Instead of relying on Cython's (excellent) ability to translate Python to C,
we can invoke a compiled language directly and write the loops ourselves.
Let us start with Fortran 77, because this is a language with more
convenient array handling than C (or plain C++). Or more precisely,
we can with ease program with the same multi-dimensional indices
in the Fortran code as in the numpy
arrays in the Python code, while in C these arrays are
one-dimensional and requires us to reduce multi-dimensional indices
to a single index.
We write a Fortran subroutine advance
in a file
wave2D_u0_loop_f77.f
for implementing the updating formula
(67) and setting the solution to zero
at the boundaries:
subroutine advance(u, u_1, u_2, f, Cx2, Cy2, dt2, Nx, Ny)
integer Nx, Ny
real*8 u(0:Nx,0:Ny), u_1(0:Nx,0:Ny), u_2(0:Nx,0:Ny)
real*8 f(0:Nx,0:Ny), Cx2, Cy2, dt2
integer i, j
real*8 u_xx, u_yy
Cf2py intent(in, out) u
C Scheme at interior points
do j = 1, Ny-1
do i = 1, Nx-1
u_xx = u_1(i-1,j) - 2*u_1(i,j) + u_1(i+1,j)
u_yy = u_1(i,j-1) - 2*u_1(i,j) + u_1(i,j+1)
u(i,j) = 2*u_1(i,j) - u_2(i,j) + Cx2*u_xx + Cy2*u_yy +
& dt2*f(i,j)
end do
end do
C Boundary conditions
j = 0
do i = 0, Nx
u(i,j) = 0
end do
j = Ny
do i = 0, Nx
u(i,j) = 0
end do
i = 0
do j = 0, Ny
u(i,j) = 0
end do
i = Nx
do j = 0, Ny
u(i,j) = 0
end do
return
end
This code is plain Fortran 77, except for the special Cf2py
comment
line, which here specifies that u
is both an input argument and
an object to be returned from the advance
routine. Or more
precisely, Fortran is not able return an array from a function,
but we need a wrapper code in C for the Fortran subroutine to enable
calling it from Python, and in this wrapper code one can return u
to the calling Python code.
It is not strictly necessary to return u
to the calling Python
code since the advance
function will modify the elements of u
,
but the convention in Python is to get all output from a function
as returned values. That is, the right way of calling the above
Fortran subroutine from Python is
u = advance(u, u_1, u_2, f, Cx2, Cy2, dt2)

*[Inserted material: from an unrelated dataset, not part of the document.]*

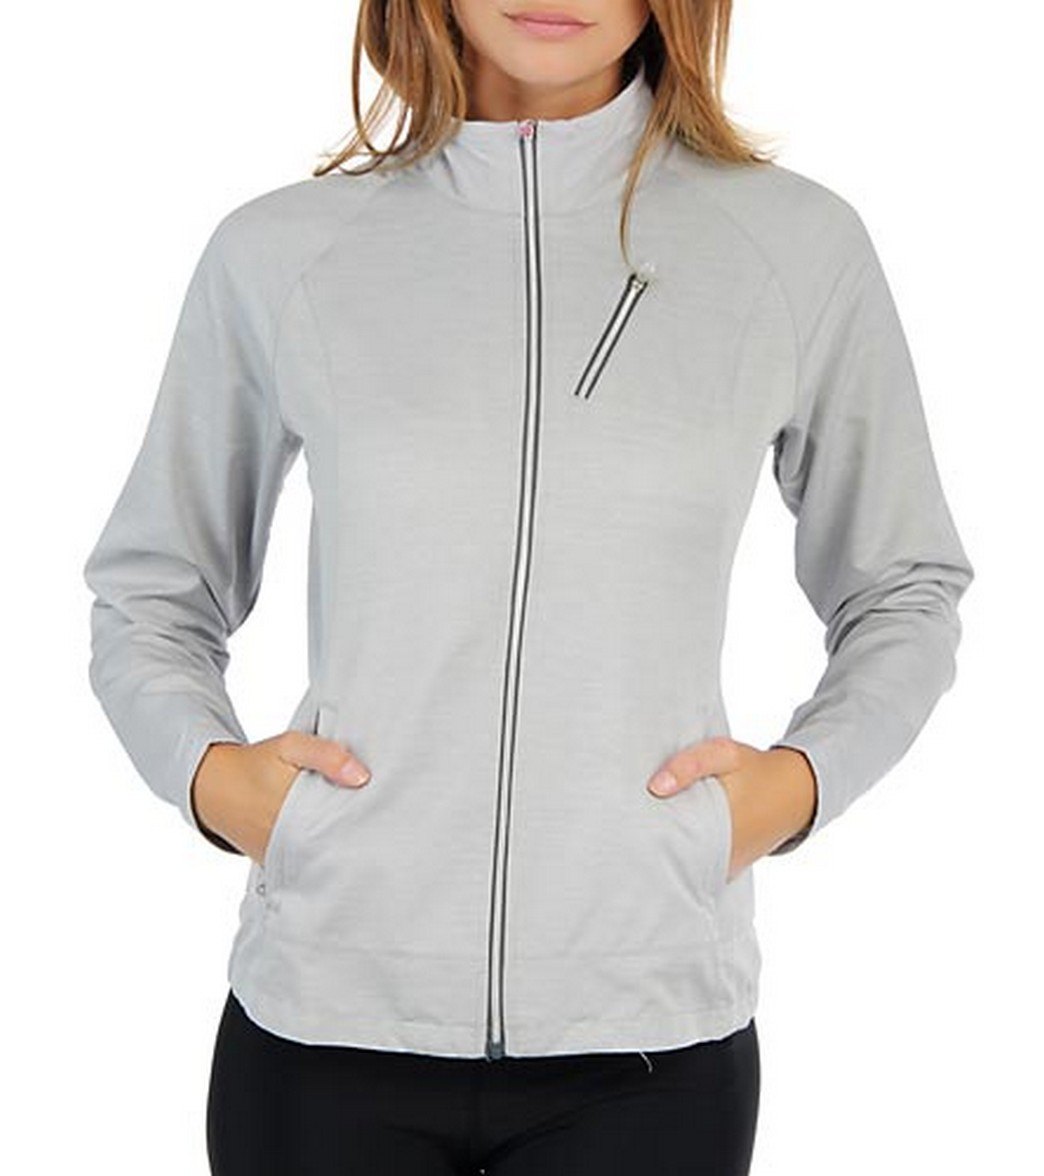 Moving Comfort Women's Sprint Running Jacket - Charcoal Heather 1X Polyester - Swimoutlet.com
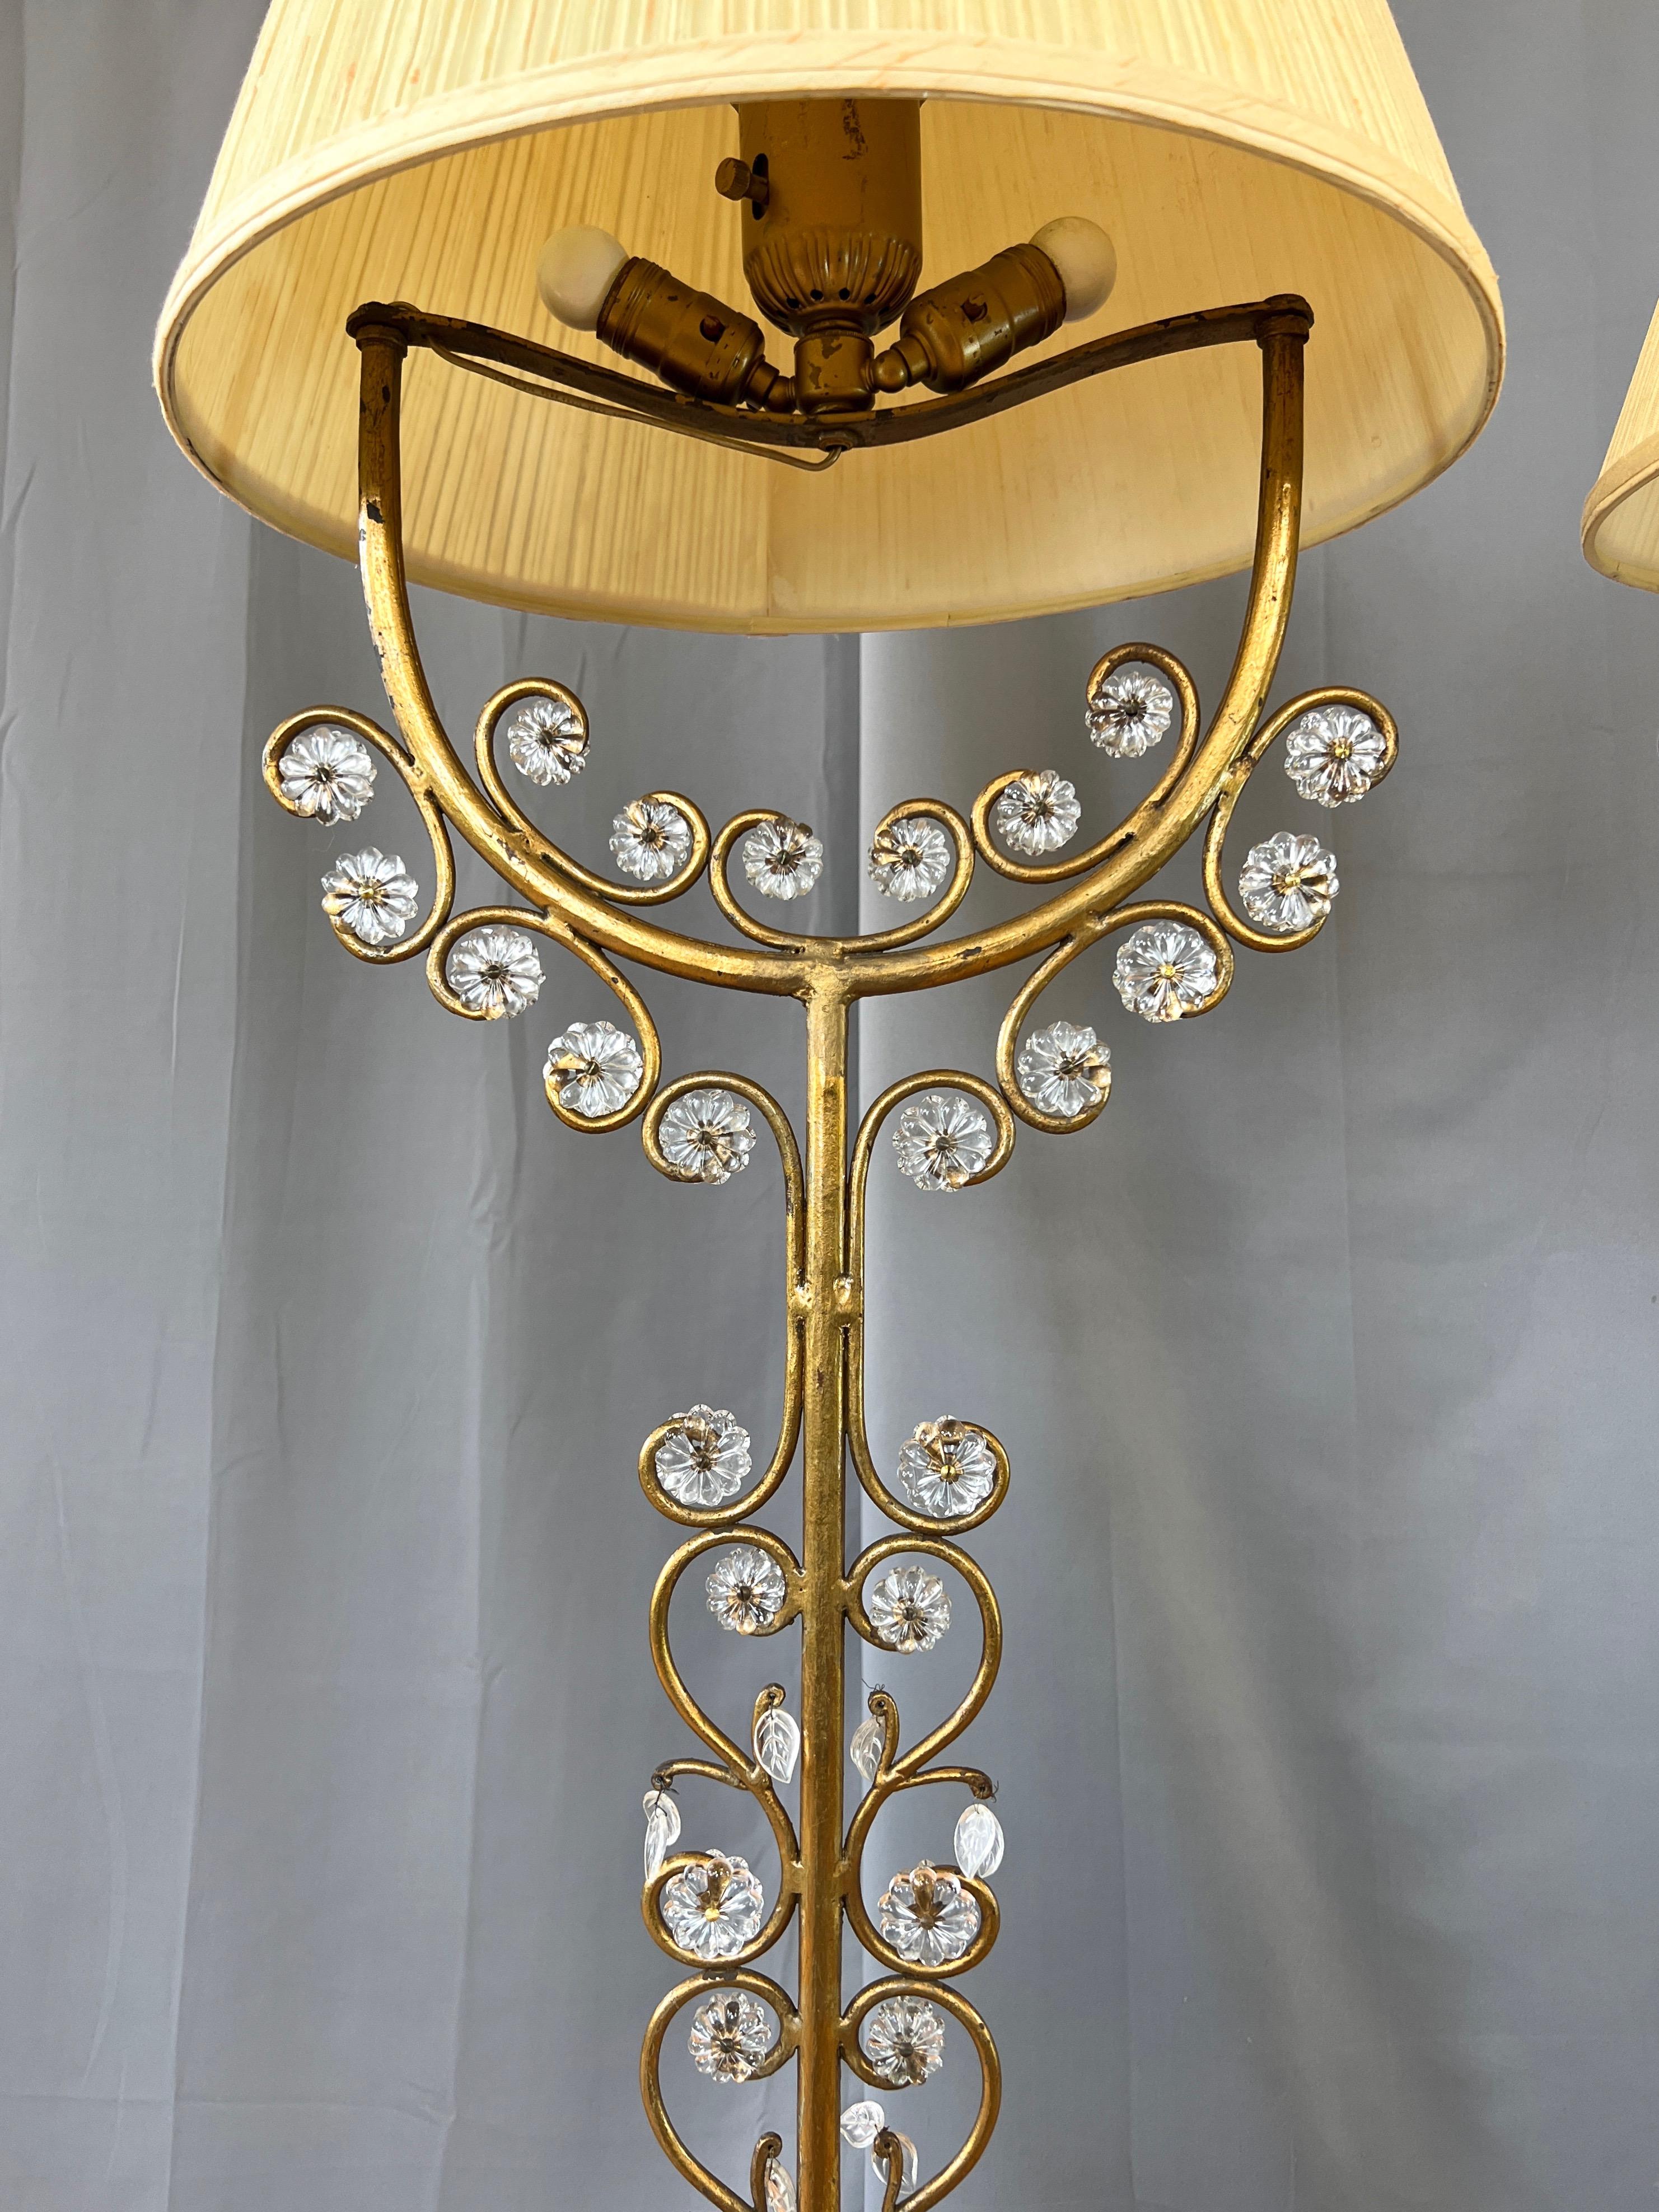 Metal Pair of Italian Gilt Wrought Iron Floor Lamps with Glass Florets & Leaves, 1950s For Sale

The less encouraged style, which works and resembles the way the Fortran subroutine is called from Fortran, reads
advance(u, u_1, u_2, f, Cx2, Cy2, dt2)
The nice feature of writing loops in Fortran is that the tool f2py
can with very little work produce a C extension module such that
we can call the Fortran version of advance
from Python.
The necessary commands to run are
Terminal> f2py -m wave2D_u0_loop_f77 -h wave2D_u0_loop_f77.pyf \
--overwrite-signature wave2D_u0_loop_f77.f
Terminal> f2py -c wave2D_u0_loop_f77.pyf --build-dir build_f77 \
-DF2PY_REPORT_ON_ARRAY_COPY=1 wave2D_u0_loop_f77.f
The first command asks f2py
to interpret the Fortran code and make
a Fortran 90
specification of the extension module in the file
wave2D_u0_loop_f77.pyf
. The second command makes
f2py
generate all necessary
wrapper code, compile our Fortran file and the wrapper code,
and finally build the module.
The build process takes place in the specified subdirectory build_f77
so that files can be inspected if something goes wrong.
The option -DF2PY_REPORT_ON_ARRAY_COPY=1
makes f2py
write a message
for every array that is copied in the communication between Fortran and Python,
which is very useful for avoiding unnecessary array copying (see below).
The name of the module file
is wave2D_u0_loop_f77.so
, and this file can be imported and inspected
as any other
Python module:
>>> import wave2D_u0_loop_f77
>>> dir(wave2D_u0_loop_f77)
['__doc__', '__file__', '__name__', '__package__',
'__version__', 'advance']
>>> print wave2D_u0_loop_f77.__doc__
This module 'wave2D_u0_loop_f77' is auto-generated with f2py....
Functions:
u = advance(u,u_1,u_2,f,cx2,cy2,dt2,
nx=(shape(u,0)-1),ny=(shape(u,1)-1))
Printing the doc strings of the module and its functions is
extremely important after having created a module with f2py
,
because f2py
makes Python interfaces to the Fortran functions
that are different from how the functions are declared in
the Fortran code (!). The rationale for this behavior is that
f2py
creates Pythonic interfaces such that Fortran routines
can be called in the same way as one calls Python functions.
Output data from Python functions is always returned
to the calling code, but this is technically impossible in Fortran.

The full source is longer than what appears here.